A Visual History from
The Renaissance to
The Digital Age
Benjamin A. Rifkin
Michael J. Ackerman
Medical students press through the aromatics of boiled linen, disinfectant, and formaldehyde, making the rounds of formal lectures, half-draped patients, and stripped cadavers. They study the body to improve its fate.
Art students, half-nourished by a miasma of primed linen, turpentine, and chalk, study the undraped model in life class, practice the diagrams of geometric perspective, and memorize the skeleton and muscles in anatomy.
"With kindred presumptions of benefice," concludes the author, "the doctor studies the body to improve its fate; the artist to improve its spirit."
§ § §
This is no ordinary medical or "art" book. It is a history of the illustrations of "deep" --- and sometimes not-so-deep --- dissections. It contains upwards of three hundred pictures --- mostly woodcuts and engravings --- that were published from the end of the 15th century to the beginning of the 21st.
The design of the book is delicious, if one can use that word with so many illustrations of the "Children of Saturn." The prose is intelligent, wise and penetrating. Likewise, most of the drawings and engravings are clear and rich with detail, often showing a strange sense of modesty. There are twenty-eight important artists featured --- mostly names we have not encountered before: Charles Estienne, Juan Valverdi de Amusco, Bartolommeo Eustachi (you have two of his tubes inserted in your head to protect your ear-drums), William Cheselden (a bone man), William Hunter ... and the improbably named William Smellie. This last created some powerful engravings of fetuses in and sometimes almost out of the uterus --- some of the most disturbing images in the book.

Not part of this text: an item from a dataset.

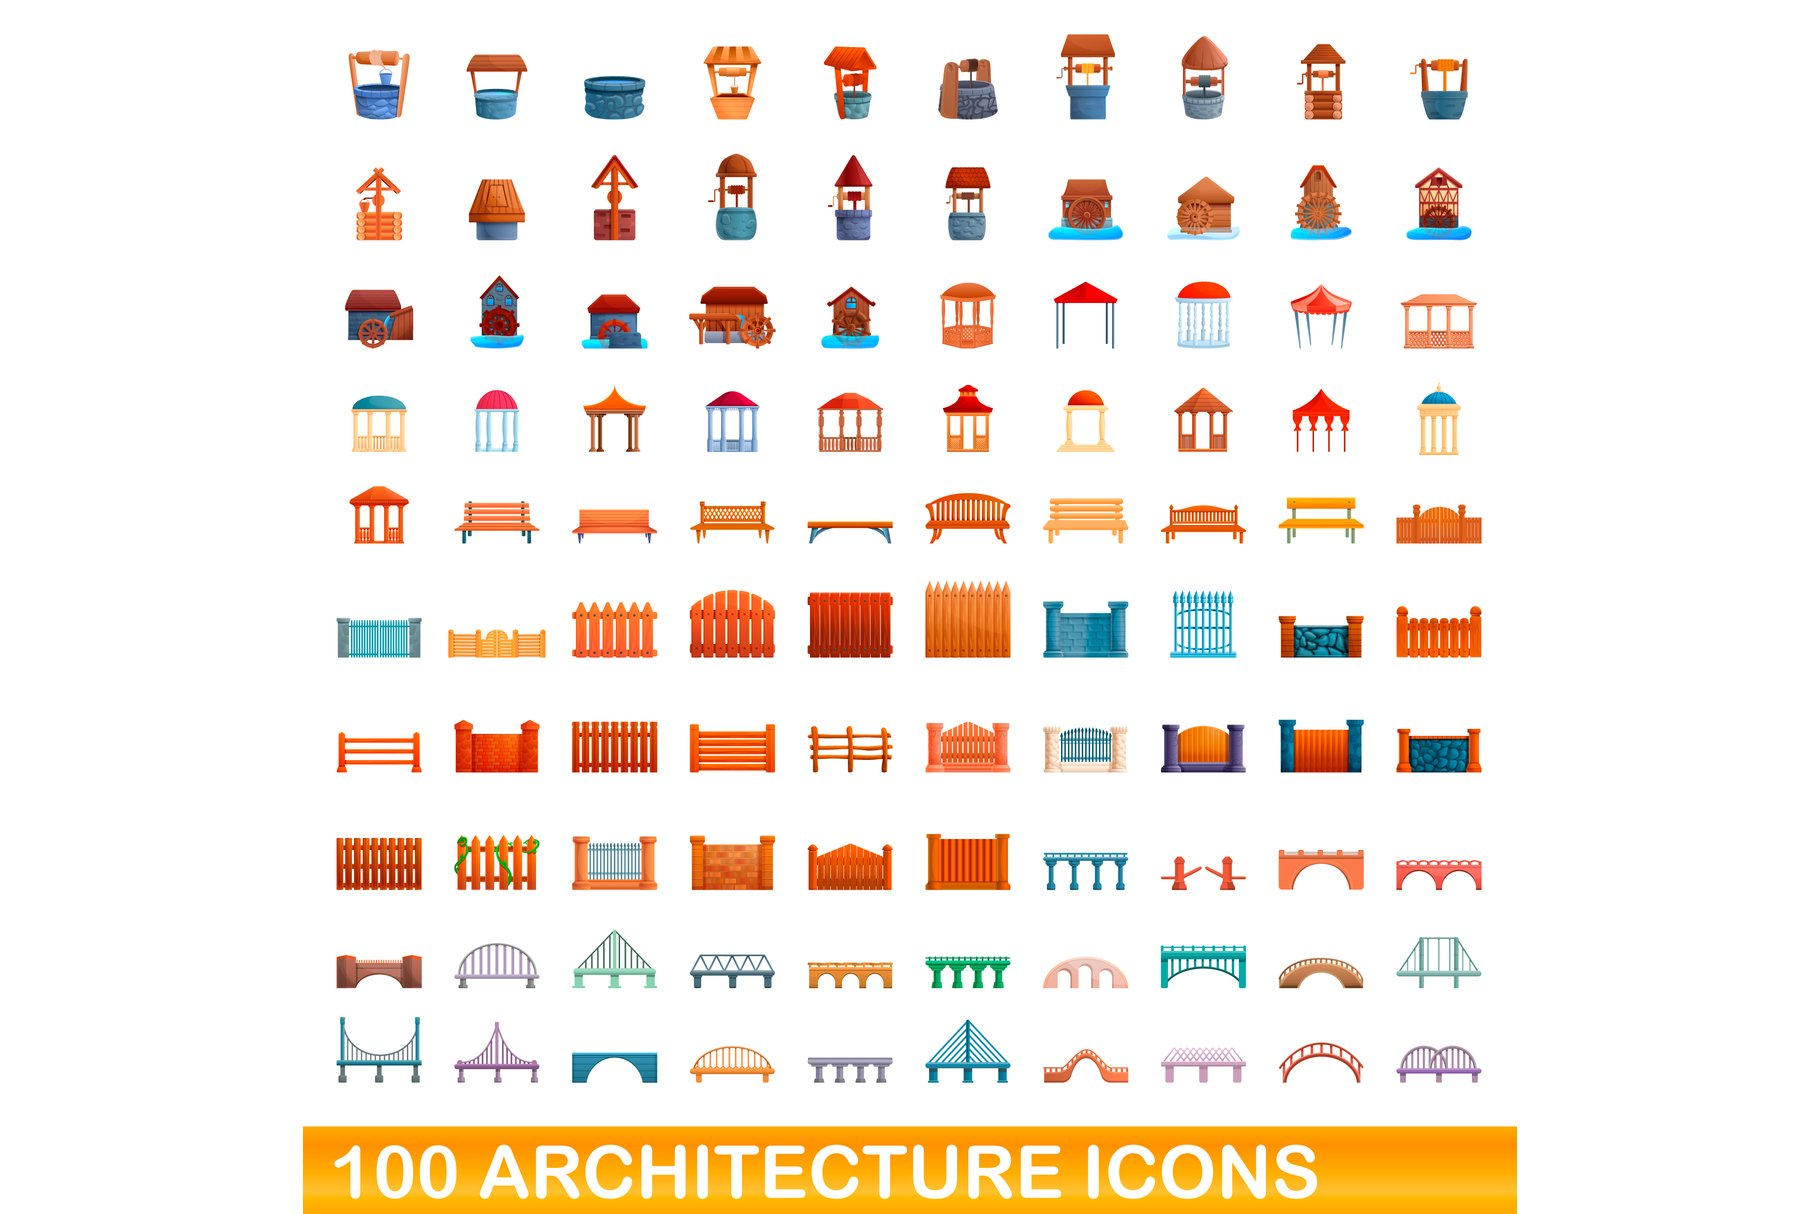 100 Architecture Icons Set Cartoon Style 568971 Illustrations Design Bundles

Other interesting monikers include William Skelton who didn't do skeletons but, instead, some fairly ghastly diseased livers, hearts in myocardia, and gangrene; Govard Bidloo, who specialized in neat thoracic cavities, weird fetal skeletons, and shaved heads --- shaved of their outer skin, that is --- including two vile eyes-closed mouth-wide, tongue-extended gack craniums; and Jean-Baptiste Marc Bourgery, whose neck-thorax dissections in vivid color will blow your mind if they don't make you swear off cadaver books for the rest of your days.

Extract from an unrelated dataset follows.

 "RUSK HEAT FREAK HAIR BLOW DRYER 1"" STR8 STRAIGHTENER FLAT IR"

It's not only the obscure who appear here. Leonardo da Vinci's "Anatomical Notebooks" are crammed with skeletons and parts of bodies and fetuses "in utero" ... albeit only two included here. There is the "crucified nude" by Jacques Gamelin [Fig. 1 above] that recalls, the author suggests, Michelangelo and Raphael. Rifkin even offers the thought that some of the colorful drawings of "deep dissection" by Jacques Fabian Gautier d'Argoty may have influenced Delacroix and van Gogh.The most engrossing pattern of the various figures consists of positionings: skeletons running, or kneeling in prayer, or viewing the horizon --- "interrupting a gathering," (or in one case, kneeling before an open book); half-disemboweled figures, hand on hips, eyes looking off in the distance; semi-dissected --- or at least skinned --- men with hands upraised, viewing the heavens; and two hearty male figures, nerves and veins exposed, considering their fingers or each other; and many holding open vistas to body cavities so you can view livers, lungs, bowels, and bladders.
One of Bildoo's well-endowed ladies offers a lovely view of her backside (I), upper thighs (X) and lower legs (L) ... all rather salacious, I thought. In this regard, the author notes that some of the drawings of Jan van Rymsdyk were painted (like some of Gustave Courbet's) as "genital portraits," suitable for lascivious books of the times. These were drawings so graphic that one critic complained that, although van Rymsdyk worked from nature, "the artist forgot to represent the feet, legs, thighs, stomach, hip, chest, shoulders, arms, hands, throat, neck and head." This graphic illustration is included here.
§ § §
Benjamin Rifkin's writing is choice, and makes Human Anatomy not only a gold mine of skinned and eviscerated cadavers, but a literary work of some merit as well. This on the sometimes odd positions of the many figures who have been so profoundly filleted:
The remaining figures may be loosely gathered in groups of the decorous, the demonstrative, and the demented. The decorous are reasonably formed, offering their innards with accommodating modesty like chastened relatives of Berengario's figures. And they are exactly that, for the gift of their cadavers is their penance, an intent demonstrated by the shy deference of their gazes, which look away or down but never meet ours...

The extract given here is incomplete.